The company now employs a staff of over 80 and all of them are permanent.

"We take on a few extras during the summer months but even these are regular members of staff in that they are usually the same people each year,” said Deputy Falle.

The company runs its own non-contributory pension scheme and conditions of work are so good that they seldom have to advertise for staff.

"We find that we seem to attract whole families. We have a number of brothers, sisters, cousins, nephews and nieces on our staff, and I think this is in some ways a tribute to the fact that people like working for us.”

It is commonly felt in Jersey that the car hire business is an easy, money-making one. I asked Deputy Falle what he thought of this view.

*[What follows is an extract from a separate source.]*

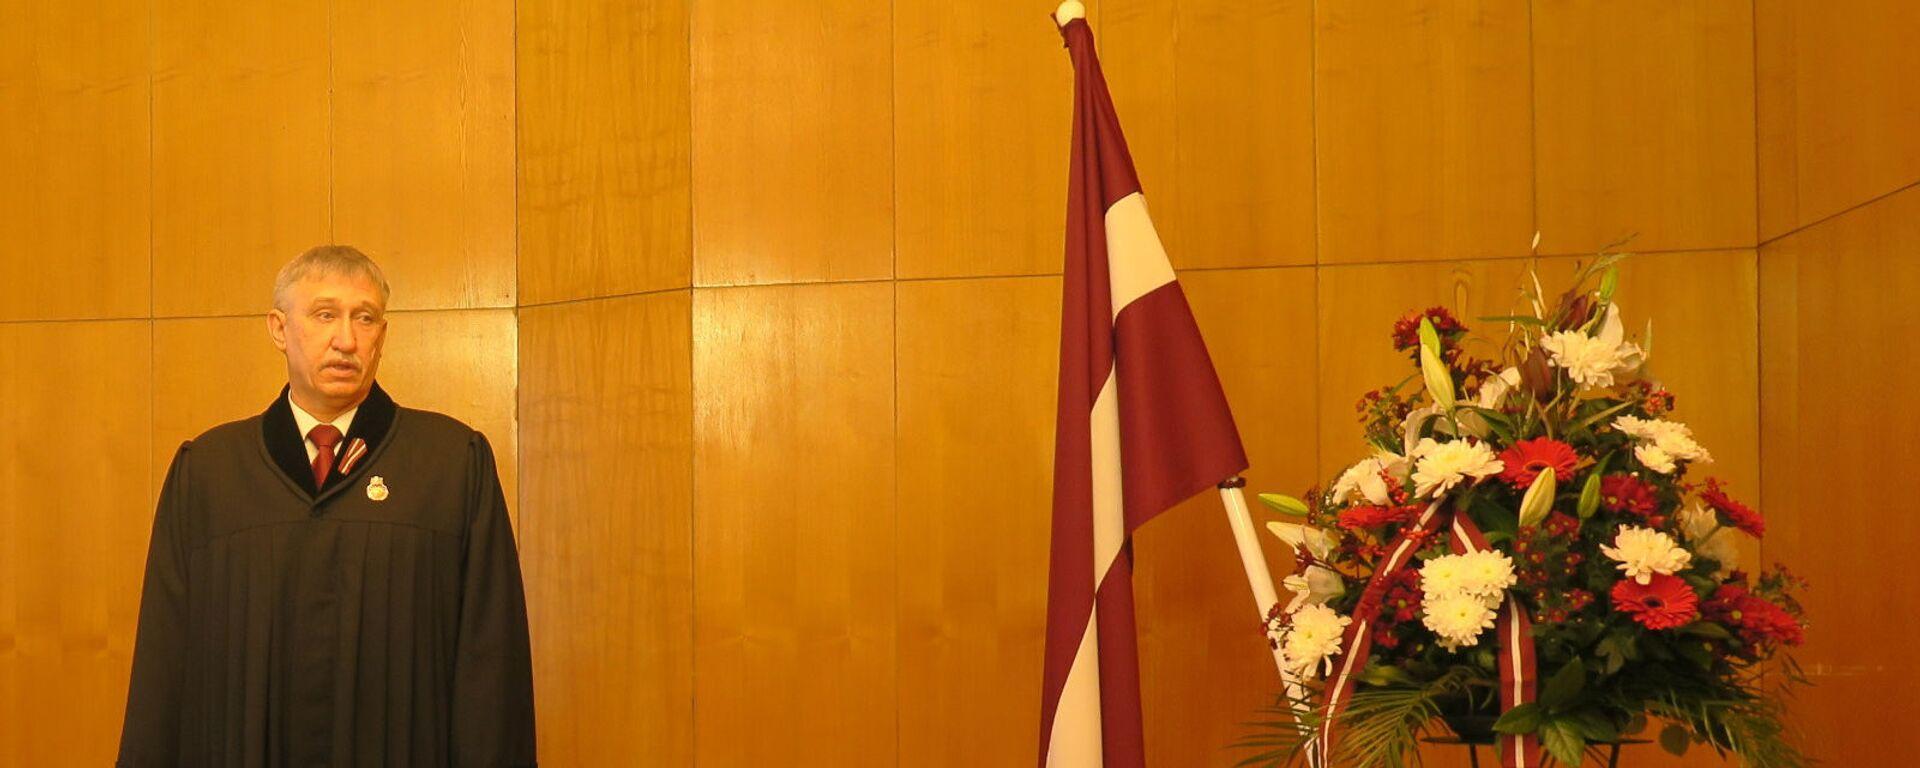 Генпрокурор Латвии Эрикс Калнмейерс - Sputnik Латвия, 1920, 11.01.2019

"Not true," he said. "In fact it is something of a gamble every year. We have already set our hire charges for 1966 and printed 150,000 brochures. Changes in car tax, for instance, can make a big difference to a firm

with 600 cars and can cost us a lot of money. Would you like to gamble a quarter of a million pounds every year just on cars alone?"

For Deputy Falle and his Merry Men the gamble has been right every year. Sheer drive, business acumen and enthusiasm have enabled them to command a place in the business sphere of the island which is unparalleled in the history of tourism in Jersey.

That all this should be achieved by a group of young men is more than encouraging.